Obama has been out to get the small business since his election. We worry his new tax might be ....to tax small companies for closing their doors.
NOTE: Upon checking spell check, the spell check wants me to correct Obama with Osama.
Consider that the real reasons are completely reversed!
There are almost NO TRUE POOR in America, no one is starving, there are a multitude of programs that address that.
No one is freezing, same story, many low income and welfare driven programs for that.
Housing .......... same.
Education ............. free.
These programs don't even come close to explaining the 10's of thousands of tax free charitable organizations that the real taxpayer already cover the expenses of their wear and tear on the national infrastructure.
Healthcare in emergency situation has been available with or without insurance or even citizenship for a long time.
This is really about people who started the phrase: "but, I'm worth it" and proceeded to indebt themselves and family, by abusing credit and claiming that "WANT and NEED" are synonymous.
New cars that they literally can not afford to maintain or insure, every creature comfort and toy that they saw someone who could actually pay for to have, buy on credit, "we deserve homes with less than nothing down", people who insist that traits like charity were common enough to claim as "HUMAN" when reality says that less than 15% of the humans on the planet subscribe to that trait!
GREED is the correct word, it is just those who claim they saw a Star Trek movie in which everyone had everything for free and it was the perfect utopian society.
You don't NEED, you just WANT and were taken in by the carnie sideshow barker that promised you what he can not supply!
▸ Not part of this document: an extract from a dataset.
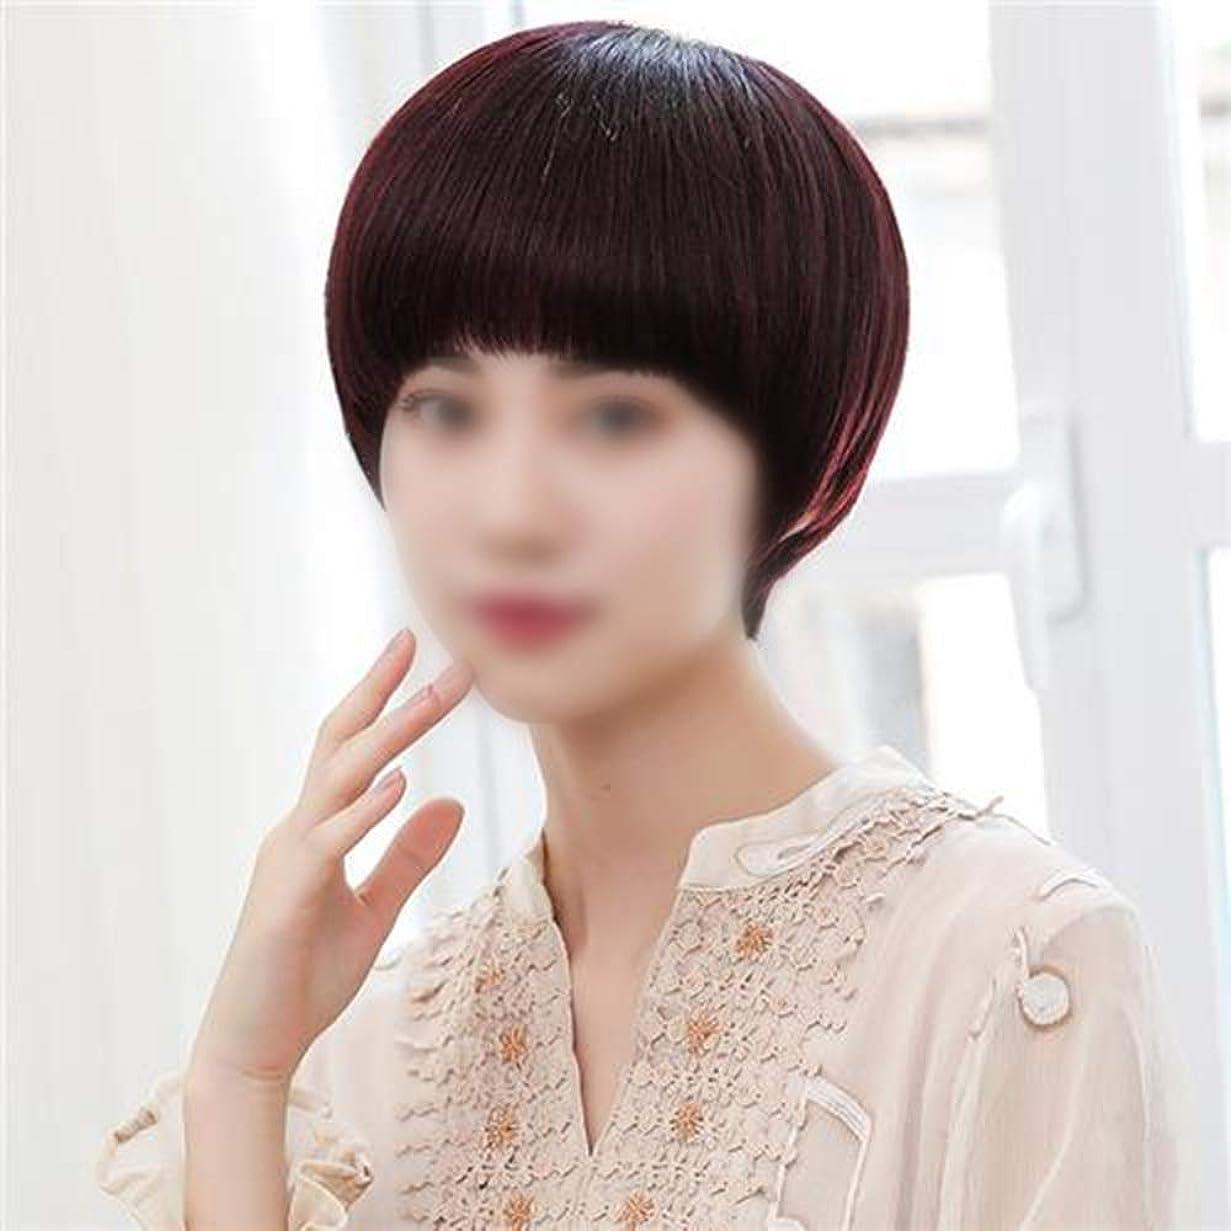 今までスポーツをする横にHOHYLLYA リアルヘア手編みボブショートストレートヘア前髪ふわふわハンサムウィッグ女性のための毎日のドレスファッションかつら (色 : ワインレッド)

Well, no more Wendy's for me! Never did have a Papa John's pizza, but have been a Wendy's customer for quite a while. Geez, the more fast food chains that cut back on their employees hours, the
healthier I'll eat. Win, win!
This guy is a jerk.
Just raise prices a dime or two.
This will lower welfare costs,otherwise the taxpayers pay.
In 2011 Papa John's net income was slightly over $55 million. Having to fork out $8 million to provide healthcare coverage for all of their employees would only leave them $47 million a year in profits, which would be devastating to the point that CEO John Schnatter might have to take a pay cut from his almost $3 million a year to $2 million a year...how in the world will he ever survive on that? He might even be forced to sell some of his stock in the company valued at almost $240 million. Dang, just with his stock alone he could cover every Papa John's employee for 30 years.
Folks, all of their rhetoric stems from greed, not job creation. I hear it from a CEO that I sit next to in the boardroom. They want to keep excessive profits and let average Americans foot the bill for uninsured hospital visits in the form of higher taxes and increased medical expenses for all. If we allow employers to not cover their employees, that is basically a bailout for them. Think about it.